Jobless claims plunge to 199K, lowest level since 1969

New weekly claims for jobless aid plunged to the lowest level in more than 50 years last week, according to data released Wednesday by the Labor Department.

  • In the week ending Nov. 20, there were 199,000 initial applications for unemployment insurance, according to the seasonally adjusted figures, a decline of 71,000 from the previous week. 
  • Claims fell to the lowest level since November 1969 and are now well below the pre-pandemic trough of 225,000 applications received the week of March 14, 2020. 

The steep drop in unemployment applications comes after several strong months of job growth and rising consumer spending heading into the holiday shopping season. While high inflation has stressed many household budgets, U.S. job growth, economic production, stock values and corporate profits have all steamed ahead.
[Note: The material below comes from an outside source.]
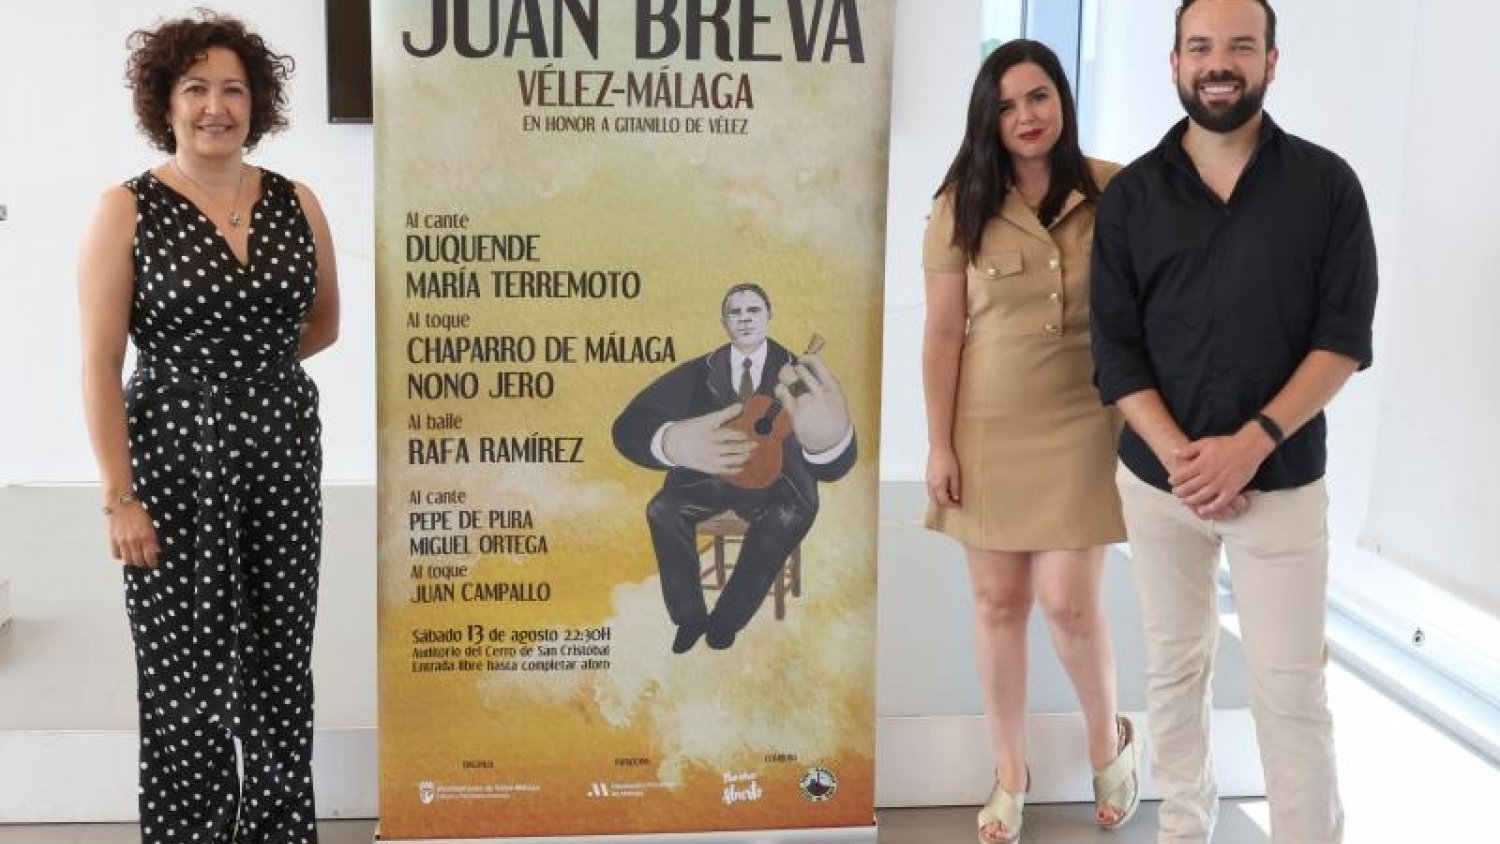 Duquende, María Terremoto y Rafa Ramírez, protagonistas en el Festival Flamenco 'Juan Breva' de Vélez-Málaga

The caveat: The steep drop was likely due to the Labor Department expecting far more seasonal layoffs than the country experienced last month, one of several ways the pandemic has skewed economic data. But even if claims rebound toward normal levels next week, it will mark a strong improvement.

 

BIDEN’S BUDGET PICK

Biden taps Shalanda Young to lead White House budget office

President Biden on Wednesday announced his plans to nominate Shalanda Young as director of the Office of Management and Budget (OMB) after the longtime Capitol Hill aide spent months serving as acting director.

If confirmed, Young would be the first Black woman to run the agency. She has served as acting director since Neera Tanden's nomination for OMB director was withdrawn in March.
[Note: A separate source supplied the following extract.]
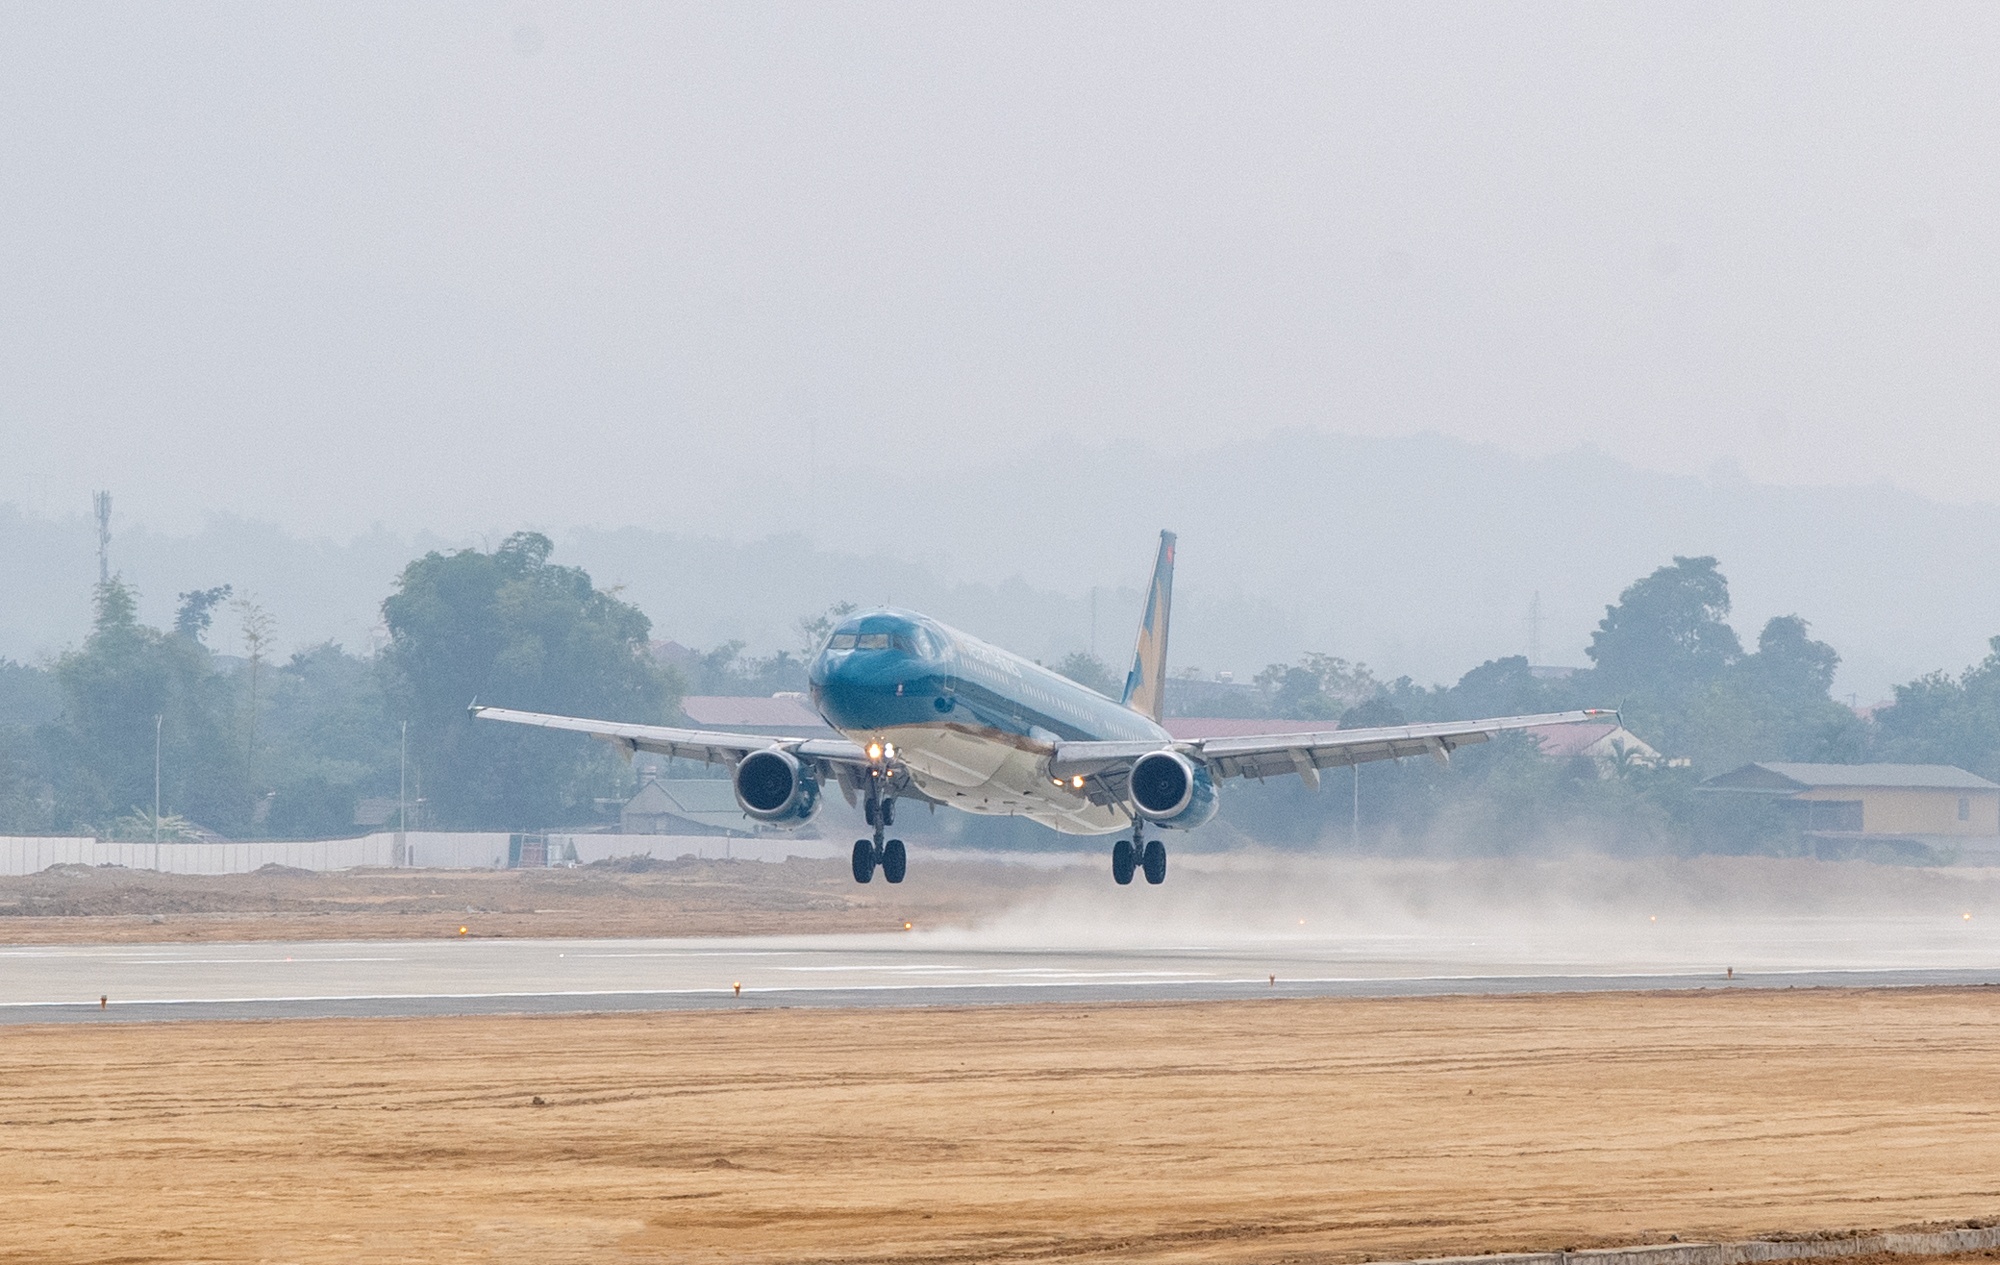 Hãng cũng đã đưa máy bay phản lực hiện đại Airbus A321 vào khai thác trên đường bay Hà Nội - Điện Biên

Biden also announced his intent to nominate Nani Coloretti as deputy director of the OMB. Coloretti would become one of the highest ranking Asian American or Pacific Islanders in the administration if confirmed.
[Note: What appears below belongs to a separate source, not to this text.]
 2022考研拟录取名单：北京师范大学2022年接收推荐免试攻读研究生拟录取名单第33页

  • The OMB has been without Senate-confirmed leadership for the entirety of the Biden administration thus far after Tanden withdrew her nomination in the face of bipartisan opposition.
  • The agency is responsible for overseeing the formulation and implementation of the federal government's budget. Biden referred to it in Wednesday's video as the “nerve center” of the government.

Brett Samuels has more here.

 

SHOPPING SPREE

Incomes, consumer spending rose in October even as inflation spiked

Consumer spending rose in October despite a surge of inflation as higher personal incomes helped buffet rising prices, according to data released Wednesday by the Commerce Department.

  • Personal consumption expenditures rose 1.3 percent last month, powered by a 1 percent increase in spending on goods and a 0.7 percent rise in spending on services. 
  • Consumer spending on goods has run far ahead of services due to a combination of supply chain snarls, coronavirus-related restrictions and changes in consumption habits driven by the pandemic.
  • The PCE index rose 0.6 percent in October after three straight months of 0.4 percent increases in consumer prices. The index also rose 5 percent during the year leading into October — a 0.6 percentage point increase in the annual inflation rate from September.

I break it down here.

 

Good to Know

On The Money — Biden’s big plans for the Fed 4

© Greg Nash

Federal Reserve officials debated this month whether the bank should be prepared to taper asset purchases and raise interest rates quicker than they once expected as inflation spiked, according to minutes released Wednesday.

Here’s what else we have our eye on:

  • A majority of registered voters blame President Biden and Congress for the global supply chain and delivery issues affecting Americans, according to a new poll.
  • JPMorgan Chase CEO Jamie Dimon on Wednesday apologized after he made what he called “a joke” saying the bank would outlast the Chinese Communist Party.